Wet blanket away! My goal was to put Bureaucracy about on par with most of the other Abilities that already get systems. I don't see how this is a lot more complex than most of those - "Add a couple of situational modifiers" was about the simplest I could think of. And obviously in play, people would just guesstimate difficulties, just like they do for every difficulty table ever - but at least this would give something to calibrate those guesses against.

What would you prefer? Like, I have a hard time getting simpler here without literally just providing a handful of examples, with associated difficulties and times - and if that's all you want, I mean, I provided that too.

Yeah, that's what I want. I prefer the examples to the table for calibration, mostly because they're looser and less codified.

I think tables like this one usually take away more than they add. It's very hard for a table to have better judgement than a GM who has a few examples at hand, so they're usually not that useful in play. Either they duplicate your own thought process (in which case they're not needed) or they contradict it (in which case they can actually be problematic).

We could have similar tables for any number of things, from tracking to animal handling, but I don't think it would really add anything to the game.

So the next stage of that project - which depends on the stage you saw, which was flawed and needs revision - is to link bureaucracies directly to a unified sorcerous working/craft/bureaucratic project system, such that command of a bureaucracy lets you pull off large-scale public works-type stuff. I didn't post that part, because the feedback made it clear I had flaws going into it - but that's the intended payoff.

Having played a small-empire-level game, having some sense of how much of that kind of stuff you can do, and how much it strains your organization to do it, would have been pretty valuable.

I'll keep an eye out for that. I'm not too keen on unifying craft and workings and bureaucracy, but I'll try to keep an open mind.
 
All that talk about Bureaucracy systems and whatnot convinced me to try to produce at least one mostly-complete charm tree for the Modern conversion. So obviously I chose... Engineering instead of Politics or Logistics.

I'd like to thank @Irked and @Sanctaphrax in particular; I have brazenly stolen Irked's Charm format as well as some of the text from his Charm rewrite, and I have also lifted (with occasional modification) from Sanctaphrax's Craft rewrite.

Macro-scale actions generally involve Capital, an abstract resource measured in dots that are roughly equal to $10 billion.
  • Capital comes in two varieties: committed and uncommitted.
  • Committed Capital is fixed into some particular form like a factory, or a bunch of workers and cranes; uncommitted Capital represents fungible financial resources.
  • Capital is generally neither produced nor consumed, merely transformed; spending financial resources to buy something is represented as committing that Capital.
  • Committing Capital takes a while, and can take the form of buying a thing, hiring people to build a thing, etc. - these have different advantages and disadvantages, and doing them successfully and faster is the hook for Abilities.
  • There are opportunities to gain or lose Capital, but they require narrative investment, so characters can't just repeat a mechanical process to get arbitrarily many resources.

  • Charms that boost a roll for an extended action generally commit their motes for the entire interval, and Charms that boost the entire action are committed until the action is complete (or fails).
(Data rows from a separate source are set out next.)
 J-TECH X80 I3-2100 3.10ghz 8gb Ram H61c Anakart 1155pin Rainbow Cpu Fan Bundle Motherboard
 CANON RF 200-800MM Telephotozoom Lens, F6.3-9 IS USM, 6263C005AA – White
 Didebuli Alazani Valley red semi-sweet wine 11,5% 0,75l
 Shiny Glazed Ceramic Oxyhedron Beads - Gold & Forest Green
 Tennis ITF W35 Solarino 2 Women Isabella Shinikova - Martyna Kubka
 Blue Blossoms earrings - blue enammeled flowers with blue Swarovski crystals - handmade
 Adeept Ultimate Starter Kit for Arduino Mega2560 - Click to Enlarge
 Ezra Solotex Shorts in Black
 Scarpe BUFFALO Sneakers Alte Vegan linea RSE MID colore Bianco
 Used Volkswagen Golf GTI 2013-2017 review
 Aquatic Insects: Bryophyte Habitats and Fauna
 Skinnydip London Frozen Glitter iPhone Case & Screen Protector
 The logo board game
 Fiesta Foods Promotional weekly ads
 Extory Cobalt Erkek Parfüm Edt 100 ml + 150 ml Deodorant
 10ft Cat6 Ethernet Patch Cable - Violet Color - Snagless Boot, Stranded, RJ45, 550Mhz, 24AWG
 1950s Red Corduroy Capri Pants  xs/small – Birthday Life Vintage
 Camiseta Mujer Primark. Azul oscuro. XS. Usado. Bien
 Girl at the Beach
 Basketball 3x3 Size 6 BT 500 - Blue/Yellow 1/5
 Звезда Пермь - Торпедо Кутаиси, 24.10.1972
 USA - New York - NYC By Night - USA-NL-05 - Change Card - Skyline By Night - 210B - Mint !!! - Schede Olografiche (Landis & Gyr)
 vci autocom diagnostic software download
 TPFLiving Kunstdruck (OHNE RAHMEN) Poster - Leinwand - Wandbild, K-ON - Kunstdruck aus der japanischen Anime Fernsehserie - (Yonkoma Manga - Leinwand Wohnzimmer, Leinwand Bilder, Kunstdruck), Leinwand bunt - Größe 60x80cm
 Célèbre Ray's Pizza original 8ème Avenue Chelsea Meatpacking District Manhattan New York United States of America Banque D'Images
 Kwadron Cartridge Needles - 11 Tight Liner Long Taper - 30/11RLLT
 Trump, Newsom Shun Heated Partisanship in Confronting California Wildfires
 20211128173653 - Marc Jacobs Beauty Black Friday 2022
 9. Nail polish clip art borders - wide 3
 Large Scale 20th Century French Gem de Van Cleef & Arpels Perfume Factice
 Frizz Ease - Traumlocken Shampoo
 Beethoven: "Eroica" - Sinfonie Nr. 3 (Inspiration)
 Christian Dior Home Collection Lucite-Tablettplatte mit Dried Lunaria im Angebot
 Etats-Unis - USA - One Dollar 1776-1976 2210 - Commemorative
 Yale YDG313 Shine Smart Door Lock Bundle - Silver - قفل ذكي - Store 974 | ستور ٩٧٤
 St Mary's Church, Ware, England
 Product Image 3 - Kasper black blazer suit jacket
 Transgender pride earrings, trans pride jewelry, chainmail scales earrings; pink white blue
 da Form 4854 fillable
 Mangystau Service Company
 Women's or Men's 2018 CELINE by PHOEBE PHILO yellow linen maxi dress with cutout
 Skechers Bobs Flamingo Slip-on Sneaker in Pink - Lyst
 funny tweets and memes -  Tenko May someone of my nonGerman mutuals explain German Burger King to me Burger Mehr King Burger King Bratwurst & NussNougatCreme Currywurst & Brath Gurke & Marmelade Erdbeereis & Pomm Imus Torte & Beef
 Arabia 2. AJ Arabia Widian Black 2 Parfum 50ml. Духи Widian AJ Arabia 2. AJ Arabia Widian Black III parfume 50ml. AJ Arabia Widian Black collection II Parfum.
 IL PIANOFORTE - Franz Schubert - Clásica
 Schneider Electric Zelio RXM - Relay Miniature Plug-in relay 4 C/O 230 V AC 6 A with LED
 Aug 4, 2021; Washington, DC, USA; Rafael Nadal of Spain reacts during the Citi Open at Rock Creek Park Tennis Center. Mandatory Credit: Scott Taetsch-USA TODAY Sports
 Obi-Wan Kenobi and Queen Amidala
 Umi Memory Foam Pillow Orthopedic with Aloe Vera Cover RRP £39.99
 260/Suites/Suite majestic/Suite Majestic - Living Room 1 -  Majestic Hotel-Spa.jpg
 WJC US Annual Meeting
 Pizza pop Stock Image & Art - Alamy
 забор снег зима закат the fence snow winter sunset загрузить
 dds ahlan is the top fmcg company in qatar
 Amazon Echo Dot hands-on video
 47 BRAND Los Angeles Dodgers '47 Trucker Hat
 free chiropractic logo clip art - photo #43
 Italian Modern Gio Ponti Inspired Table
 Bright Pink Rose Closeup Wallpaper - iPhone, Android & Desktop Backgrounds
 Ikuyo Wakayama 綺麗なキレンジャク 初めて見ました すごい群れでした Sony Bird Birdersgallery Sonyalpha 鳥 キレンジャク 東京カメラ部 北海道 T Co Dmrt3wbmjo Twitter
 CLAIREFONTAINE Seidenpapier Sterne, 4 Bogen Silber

This particularly includes Excellencies.
  • Charms with an Instant duration are exempt (and will usually be Reflexive instead of Supplemental). Excellencies now have a duration of (Supplemented Action) rather than Instant.
  • Charms with a duration longer than Instant also commit any Willpower cost.

Projects represent a generalization of the Sorcerous Workings system from the base game, and also replace the Crafting system. They have a bunch of small differences from the base Workings rules:
  • Projects are first rolled at the conclusion of one interval. (Normal Extended Actions roll at the beginning, and can be completed instantly if that roll's successes meet the Goal.)
  • Rolls do not benefit from stunts, although Storytellers are encouraged to require stunts for each roll. This prevents the balance of the math from being substantially affected by small variations in Storyteller generosity or player creativity.
  • Rolls cannot be enhanced by spending Willpower for a success, because this was otherwise a complete no-brainer and also makes botches impossible.
  • No non-Excellency Charm or any other effect can ever enhance, boost, improve, or in any other way modify a Project roll or reduce a Project interval unless it explicitly overrides this rule.
  • Before you override the above rule, you should think very carefully and look at this chart to see what effect it would have on the setting.
Ambition and Circle:
  • Each type of Project will generally define what types of actions fall under which Ambition and Circle.
  • The Circles are renamed Mundane, Terrestrial, and Celestial.
Finesse:
  • Instead of 1/3/5 Finesse is now 0/2/4.
  • The ranks are labelled Reckless, Careful, and Perfect Finesse.
  • Some projects or effects can have a Finesse bonus or penalty. A +1 Finesse bonus allows a project to count its result as if attempted one step higher, and a -1 penalty as if one step lower. There are no levels below Reckless or above Perfect, so a bonus means Reckless is unavailable and a penalty similarly prevents Perfect from being attempted.
Means:
  • Each type of Project defines what sort of additional Means are available.
  • Means can never go above 10.
Complications:
  • Complications now work based off of Finesse rather than only being triggered by botches.
  • When a Project is attempted at Casual Finesse, each roll that succeeds but below the threshold for Perfect Finesse accrues a complication.
  • When a Project is attempted at Reckless Finesse, every roll, regardless of success, that falls behold the threshold for Perfect Finesse accrues a complication.
Beyond the Boundaries
  • In general, Initiation Charms for the Circles either do not exist or are not yet known. All Projects at the Terrestrial and Celestial tiers are performed using the "Beyond the Boundaries" rules.
  • The normal complication rules for higher-Circle Projects are suspended; they obey the modified complication rules described above.
  • Thus Terrestrial Projects have 3 month intervals by default, and Celestial Projects have 1 year.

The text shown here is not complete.